Fit a GLM and compare the use of link=log to link=identity.
Starting with the identity link and a full model:
Cancer.glm1 = glm(StudyTime~Drug*Age, data=Cancer, family=Gamma(link="identity"))
anova(Cancer.glm1, test="Chisq")
Analysis of Deviance Table
Model: Gamma, link: identity
Response: StudyTime
Terms added sequentially (first to last)
Df Deviance Resid. Df Resid. Dev Pr(>Chi)
NULL 47 27.922
Drug 2 9.0142 45 18.908 3.603e-07 ***
Age 1 3.8141 44 15.094 0.0003951 ***
Drug:Age 2 0.1470 42 14.947 0.7851410
---
Signif. codes: 0 '***' 0.001 '**' 0.01 '*' 0.05 '.' 0.1 ' ' 1
and removing unnecessary terms gives us the main effects only model:
Cancer.glm1a = glm(StudyTime~Drug+Age, data=Cancer, family=Gamma(link="identity"))
summary(Cancer.glm1a)
Call:
glm(formula = StudyTime ~ Drug + Age, family = Gamma(link = "identity"),
data = Cancer)
Coefficients:
Estimate Std. Error t value Pr(>|t|)
(Intercept) 38.9662 8.1924 4.756 2.15e-05 ***
Drug2 6.4730 2.1350 3.032 0.004064 **
Drug3 16.2034 3.8741 4.182 0.000135 ***
Age -0.5370 0.1334 -4.025 0.000221 ***
---
Signif. codes: 0 '***' 0.001 '**' 0.01 '*' 0.05 '.' 0.1 ' ' 1
(Dispersion parameter for Gamma family taken to be 0.2951212)
Null deviance: 27.922 on 47 degrees of freedom
Residual deviance: 15.094 on 44 degrees of freedom
AIC: 328.39
Number of Fisher Scoring iterations: 7
Turning to the log link model:
Cancer.glm2 = glm(StudyTime~Drug*Age, data=Cancer, family=Gamma(link="log"))

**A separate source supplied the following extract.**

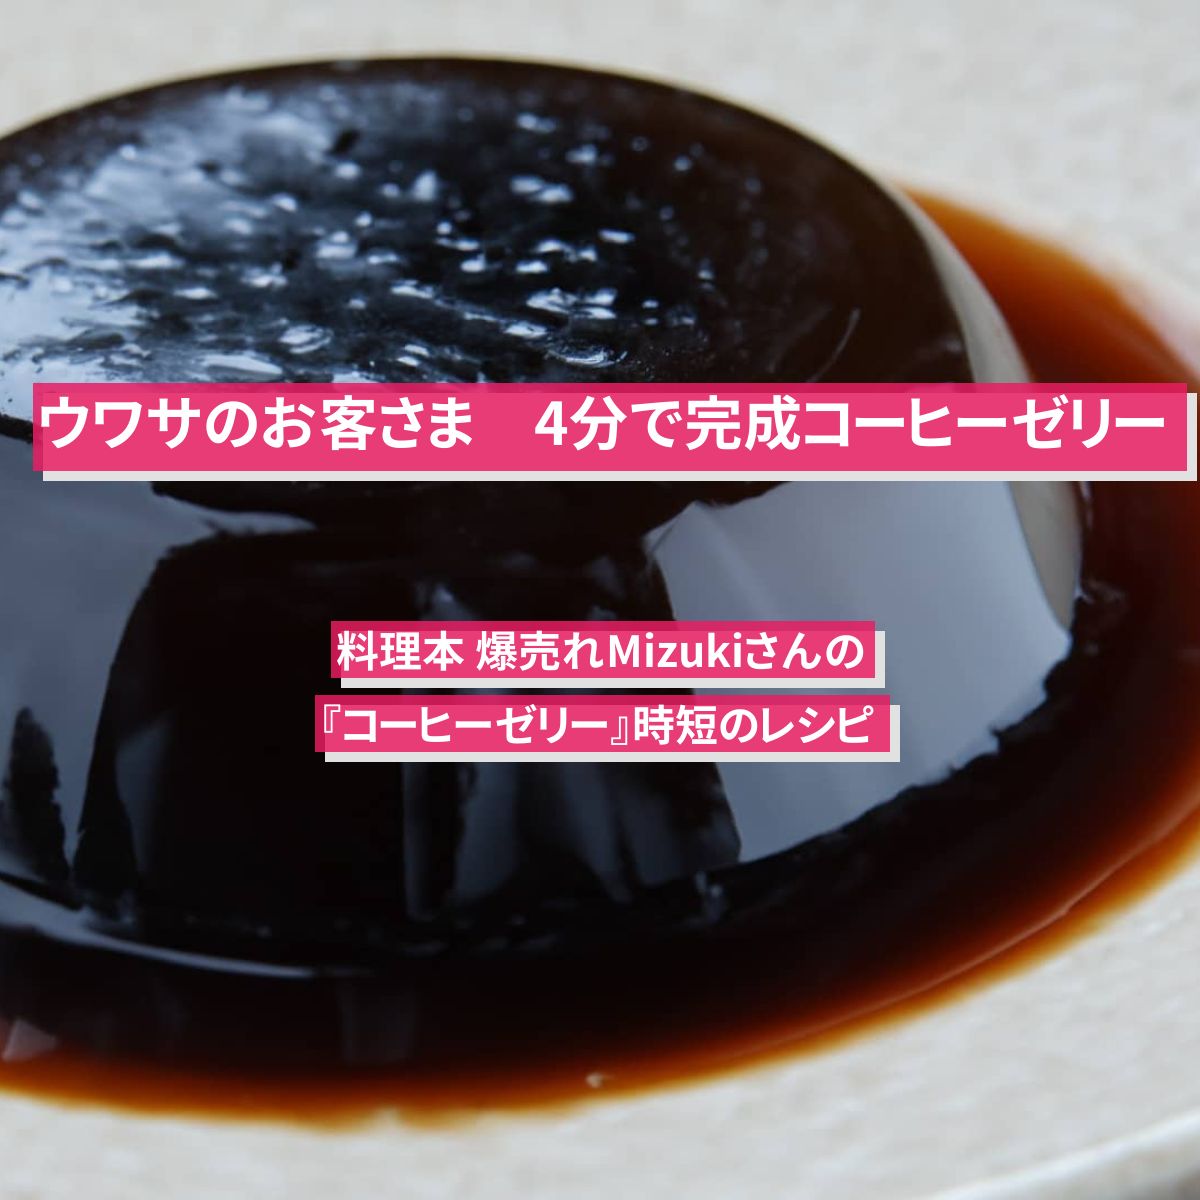 【ウワサのお客さま】4分で完成『コーヒーゼリー』料理本 爆売れMizukiさんの時短のレシピ

anova(Cancer.glm2, test="Chisq")
Analysis of Deviance Table
Model: Gamma, link: log
Response: StudyTime
Terms added sequentially (first to last)
Df Deviance Resid. Df Resid. Dev Pr(>Chi)
NULL 47 27.922
Drug 2 9.0142 45 18.908 8.839e-07 ***
Age 1 2.7332 44 16.175 0.003645 **
Drug:Age 2 1.1493 42 15.025 0.169103
---
Signif. codes: 0 '***' 0.001 '**' 0.01 '*' 0.05 '.' 0.1 ' ' 1
and removing unnecessary terms gives us the main effects only model:
Cancer.glm2a = glm(StudyTime~Drug+Age, data=Cancer, family=Gamma(link="log"))

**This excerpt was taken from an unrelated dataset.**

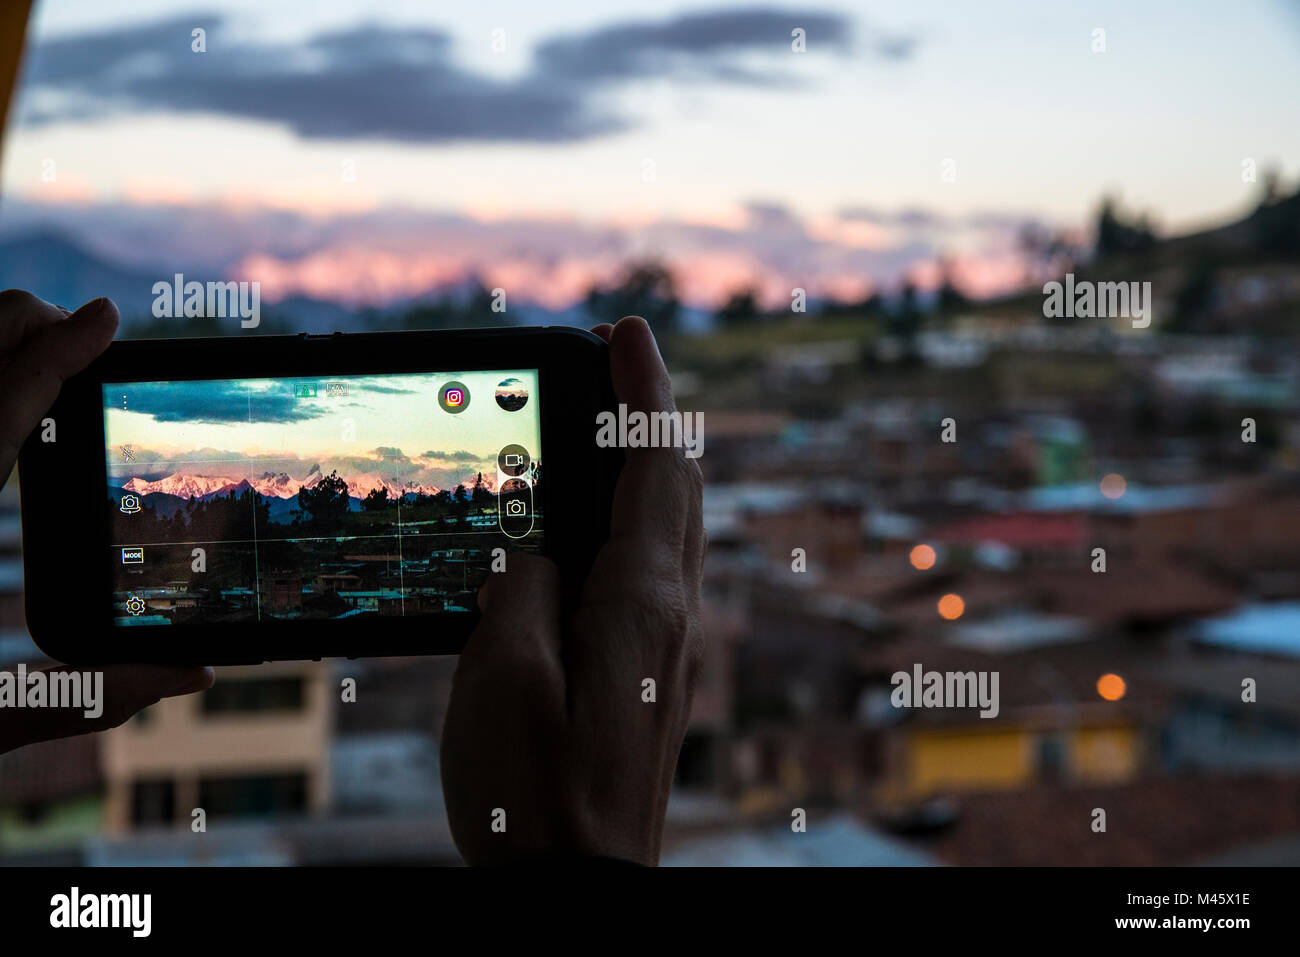 Vista di una persona che ha preso una foto con il loro cellulare della Cordillera Huaywash da un alto edificio in Chiquian, Perù. Foto Stock

anova(Cancer.glm2a, test="Chisq")
Analysis of Deviance Table
Model: Gamma, link: log
Response: StudyTime
Terms added sequentially (first to last)
Df Deviance Resid. Df Resid. Dev Pr(>Chi)
NULL 47 27.922
Drug 2 9.0142 45 18.908 7.009e-07 ***
Age 1 2.7332 44 16.175 0.003373 **
---
Signif. codes: 0 '***' 0.001 '**' 0.01 '*' 0.05 '.' 0.1 ' ' 1
Call:
glm(formula = StudyTime ~ Drug + Age, family = Gamma(link = "log"),
data = Cancer)
Coefficients:
Estimate Std. Error t value Pr(>|t|)
(Intercept) 4.64604 0.83535 5.562 1.48e-06 ***
Drug2 0.57437 0.19695 2.916 0.00556 **
Drug3 1.05211 0.19773 5.321 3.32e-06 ***
Age -0.04478 0.01473 -3.039 0.00398 **
---
Signif. codes: 0 '***' 0.001 '**' 0.01 '*' 0.05 '.' 0.1 ' ' 1
(Dispersion parameter for Gamma family taken to be 0.3180527)
Null deviance: 27.922 on 47 degrees of freedom
Residual deviance: 16.175 on 44 degrees of freedom
AIC: 331.89
Number of Fisher Scoring iterations: 5
The AIC values could be compared, but they are practically the same. You really ought to choose the link based on the relationship between the numeric predictor and the response.